And what are the networks and other performance TV companies doing with all this data? They are showing brands that their commercials result in actual in-store
and online sales -- or better "business outcomes," if you will.
Mr. P is right in that when all TV was measured in bulk, blunt metrics like age/gender demographics, it was very difficult for
marketers to truly understand or optimize media performance across networks. But data, data science, and software have changed marketers’ ability to address these challenges.
Even the
big agencies are reformulating how they target TV. Look at GroupM's Modi Media, IPG Mediabrands’ Cadreon, Dentsu Aegis’ Amplifi. Both Omnicom and Publicis Groupe have added TV data
expertise.

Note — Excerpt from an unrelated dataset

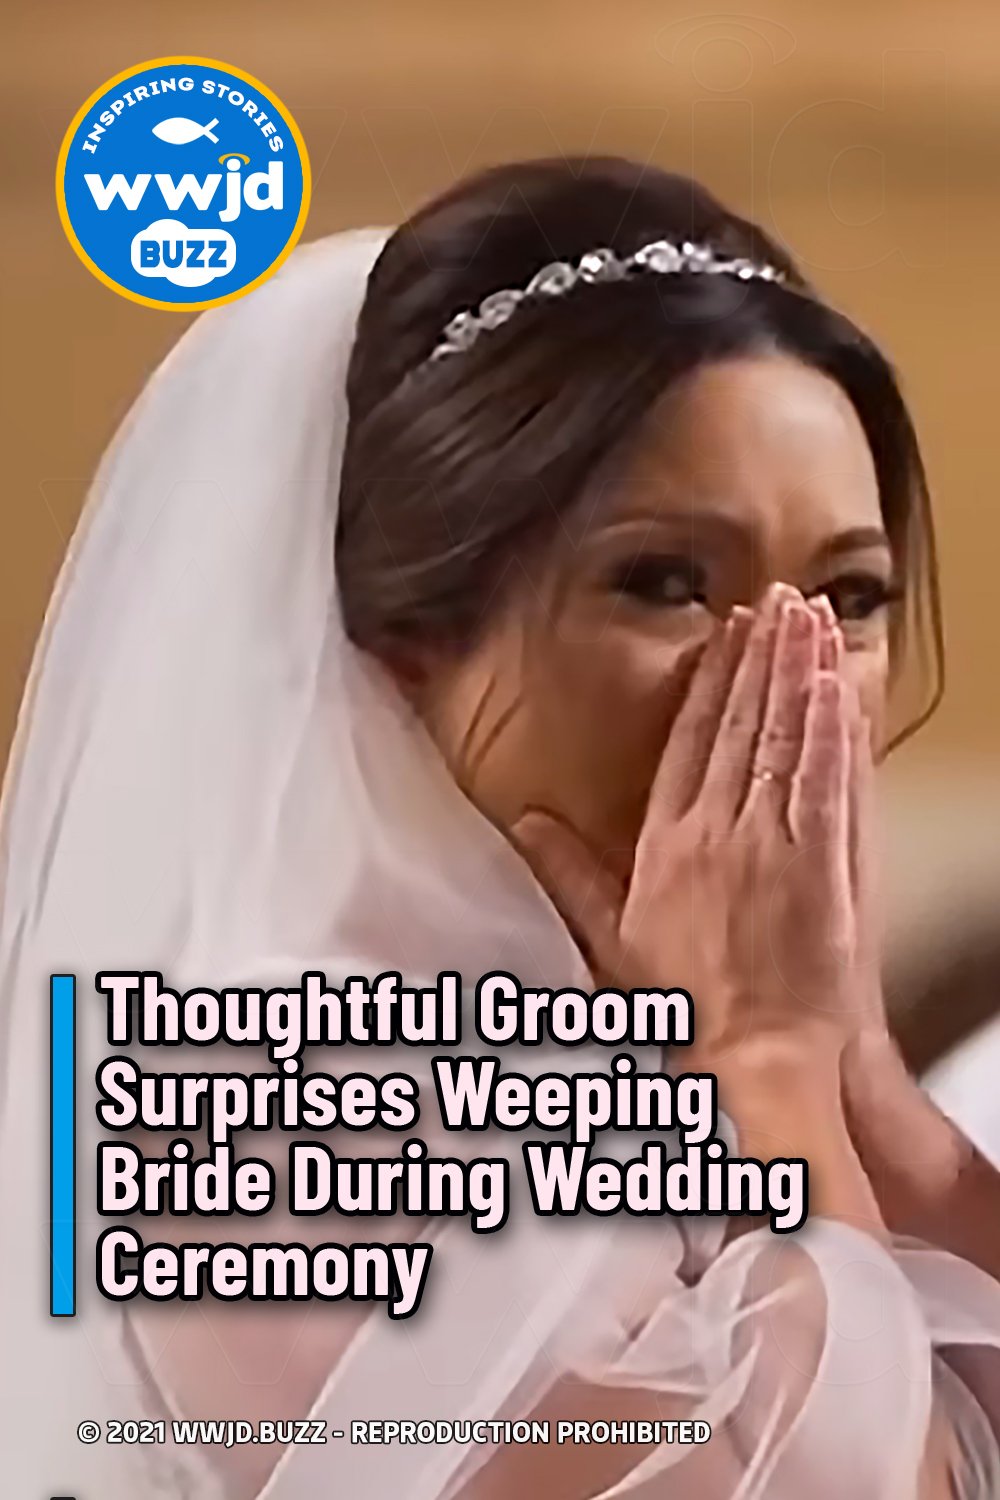 Thoughtful Groom Surprises Weeping Bride During Wedding Ceremony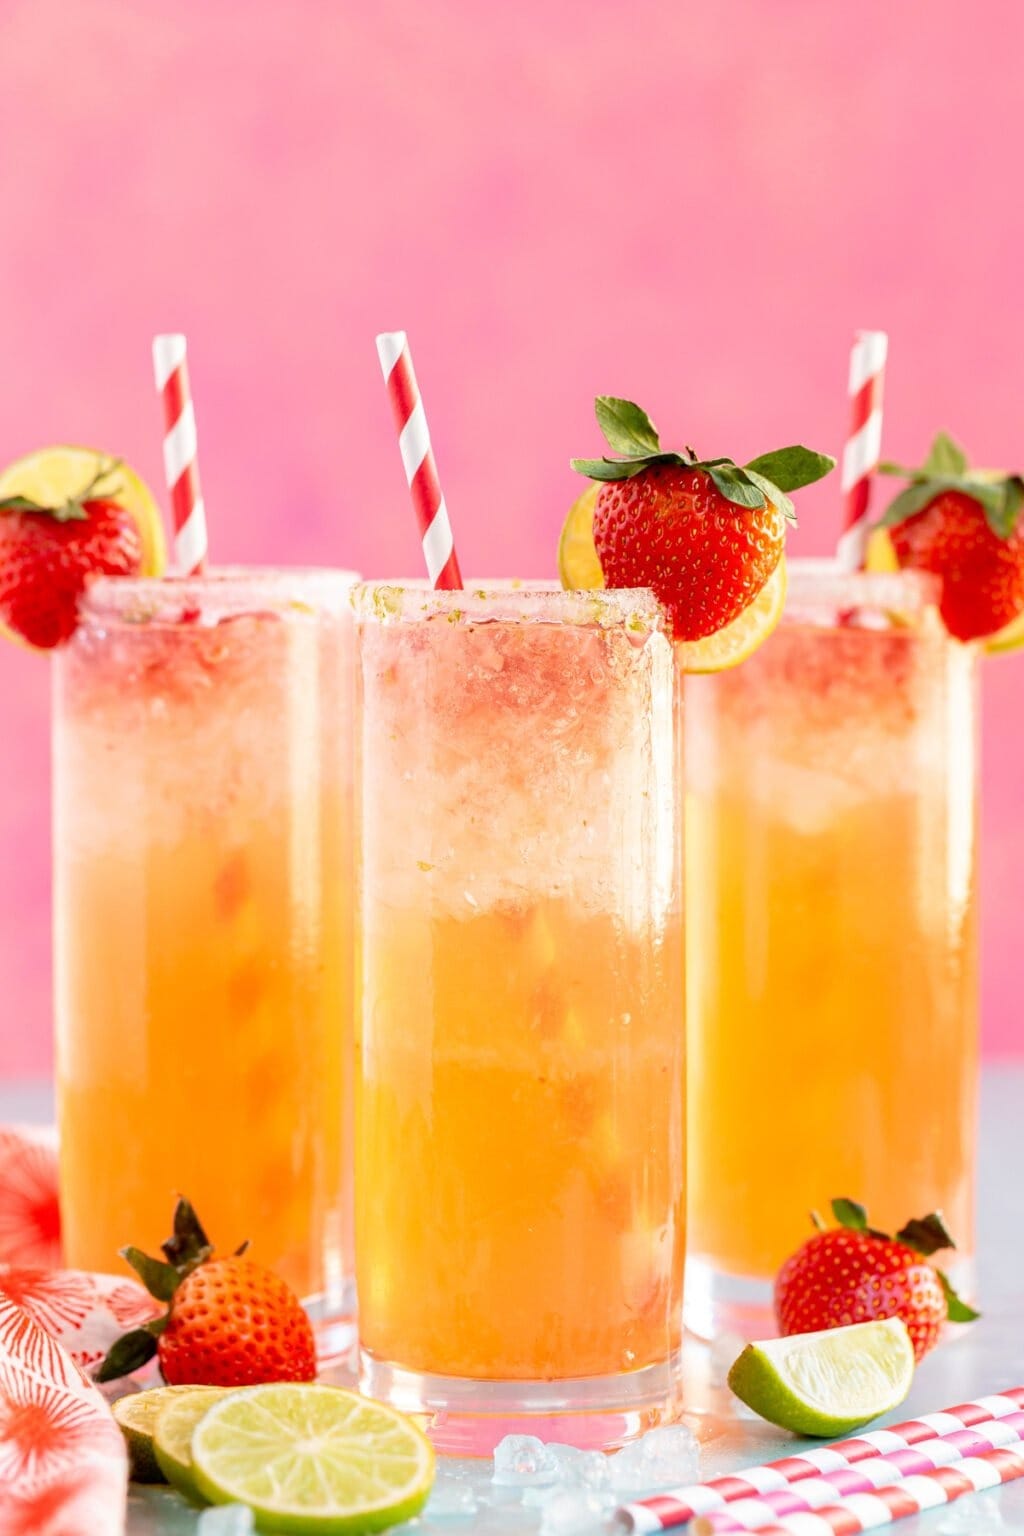 Three glasses of strawberry lemonade with fresh strawberries and a slice of lime on the rim.

Even independent agencies like Horizon Media are building advanced TV centers (which, one could argue, is aimed more at OTT TV than linear TV, but I think illustrates the momentum toward
data-driven targeting.)
Because not all data is equal and often one data set doesn't sync with the next one (or, frankly, some privacy protections), it is true that the TV biz is
still a ways away from being able to report: "Ok, as a result of this flight of commercials, the brand achieved this volume of sales." But it is getting closer every day.
A better argument
might be what happens if ratings continue to fall, and viewers stay off the big screen in favor of other devices and/or OTT programming. Will TV then have a scale problem that only FANG (or smarter
configurations of data-driven targeting) can resolve?
I'd ask Shelly, but I don't think he has a clue.